Дочь устраивает гулянки в квартире, а я ничего не могу сделать, потому что половина жилплощади принадлежит ей

мнение читателей

Уже третий год я не помню, что такое полноценный ночной отдых. Через сутки в нашей квартире снова собирается шумная компания. Перегородки здесь такие, что каждый возглас, каждый смех, звон стаканов отчетливо слышны в моей комнате. 

Я все еще верю, что моя Лариса, которой исполнилось тридцать два, одумается. Мы владеем этой трешкой на пару — она перешла к нам от покойного супруга. Он, наверное, содрогнулся бы, увидев, во что превратился наш дом. 

Моя дочь расторгла брак семь лет назад. Ее семейная жизнь оказалась пустой и недолгой. Своего мальчика, Павлика, она оставила отцу. Утверждала, что для ребенка это правильнее. Ее бывший — успешный человек, их семейный клан — родители и тетя, обожающая племянника, — обеспечивают мальчику постоянную заботу. Теперь Лариса навещает его по выходным, превратившись в «праздничную» мать. 

Я безмолвствовала, хотя внутри все переворачивалось — как можно оставить собственное дитя? Но имею ли я право осуждать? Я лишь мать, не более. Она даже слушать не пожелала, лишь отрезала: 

— Перестань, мама. Я сама знаю, как будет лучше. 

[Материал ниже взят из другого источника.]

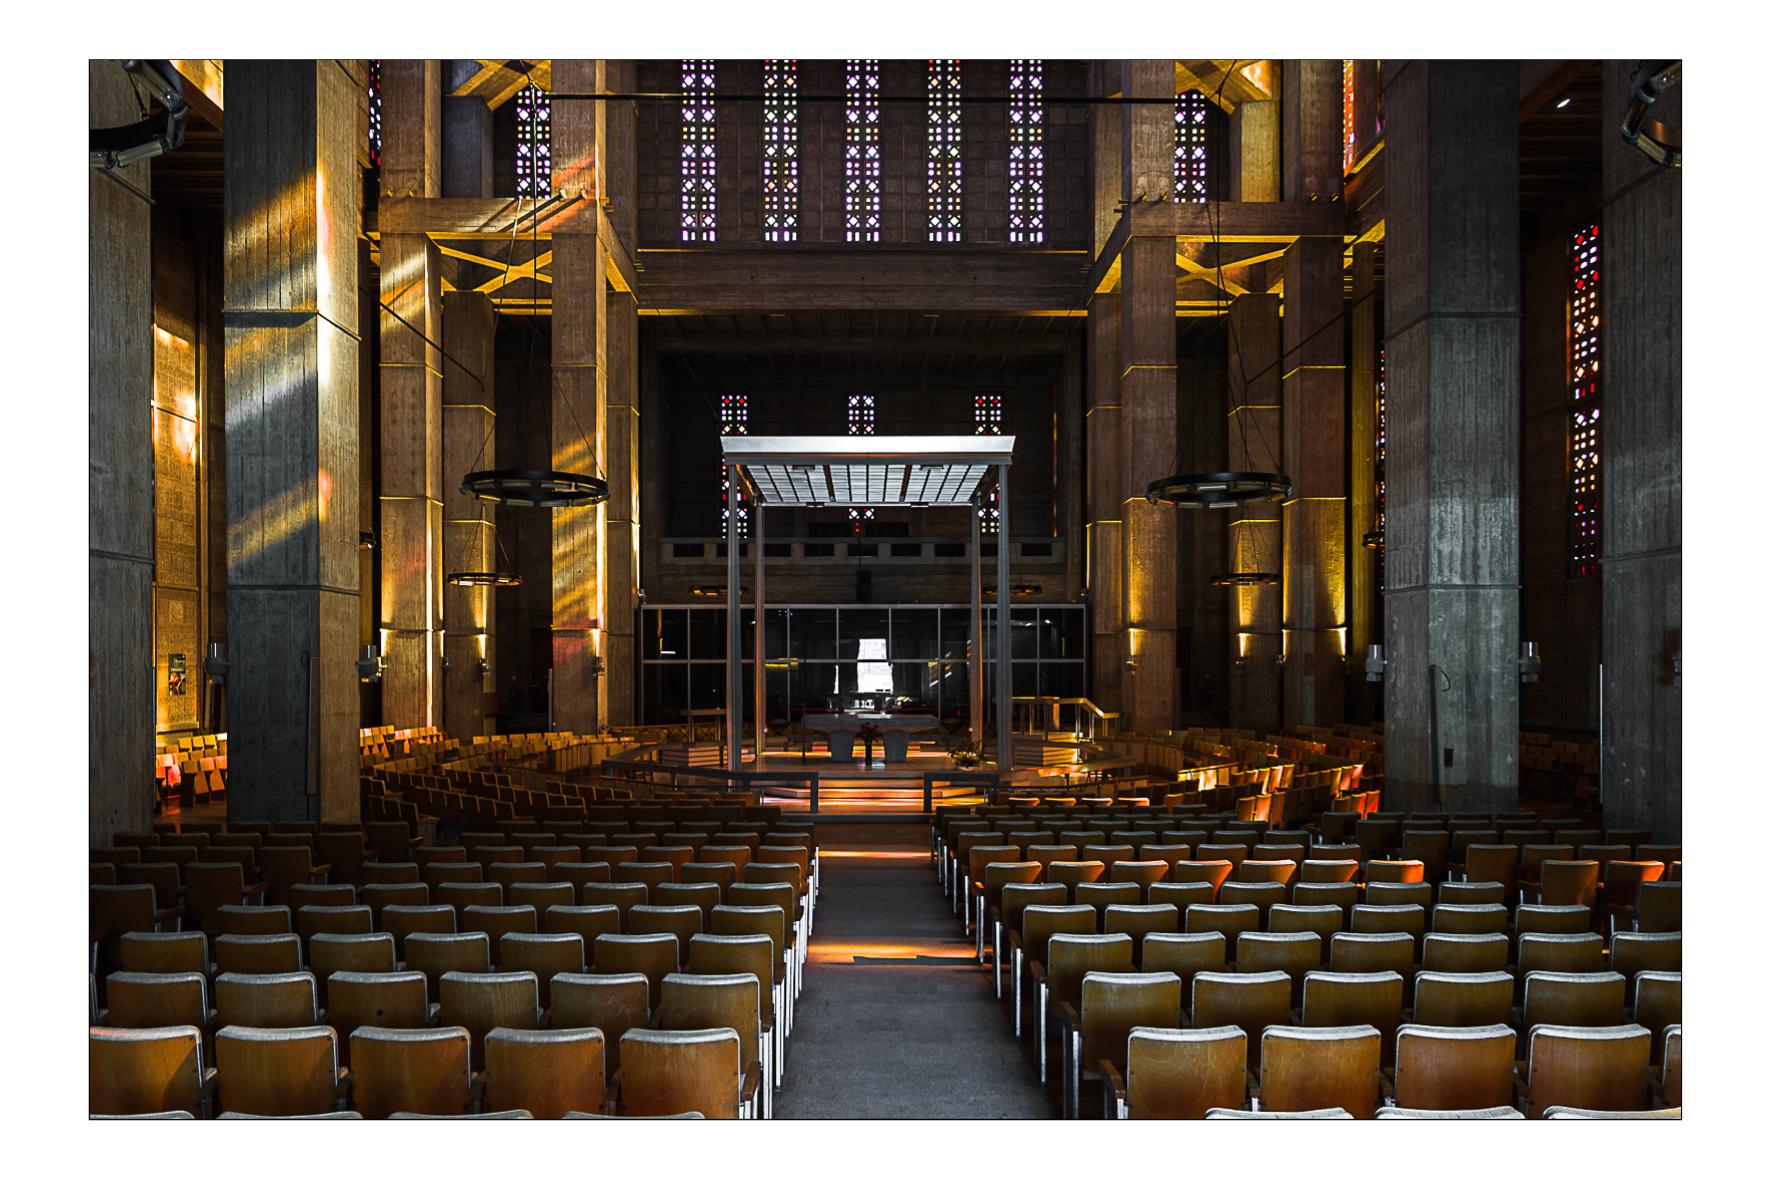 Eglise Saint-Joseph, Le Havre 2011.  Auguste Perret,Raymond Audigier architectes.

С того времени моя дочь, кажется, уверовала, что жизнь — это бесконечный праздник. Сначала я утешала себя: пусть отвлечется, придет в себя. Но время течет, а веселье не прекращается. Каждую субботу, а порой и среди ночи со среды на четверг, в нашем жилище начинается представление. Мужчины, каждый необычнее предыдущего — то длинноволосый, в кожаном жилете, будто сошел с экрана, то ухоженный, в дорогой рубашке, но с пустым и холодным взглядом. 

Распивают напитки, громко спорят, басы музыки гудят до рассвета. Лариса занимается чем-то вроде продюсирования онлайн-концертов, вот и приглашает коллег и приятелей. 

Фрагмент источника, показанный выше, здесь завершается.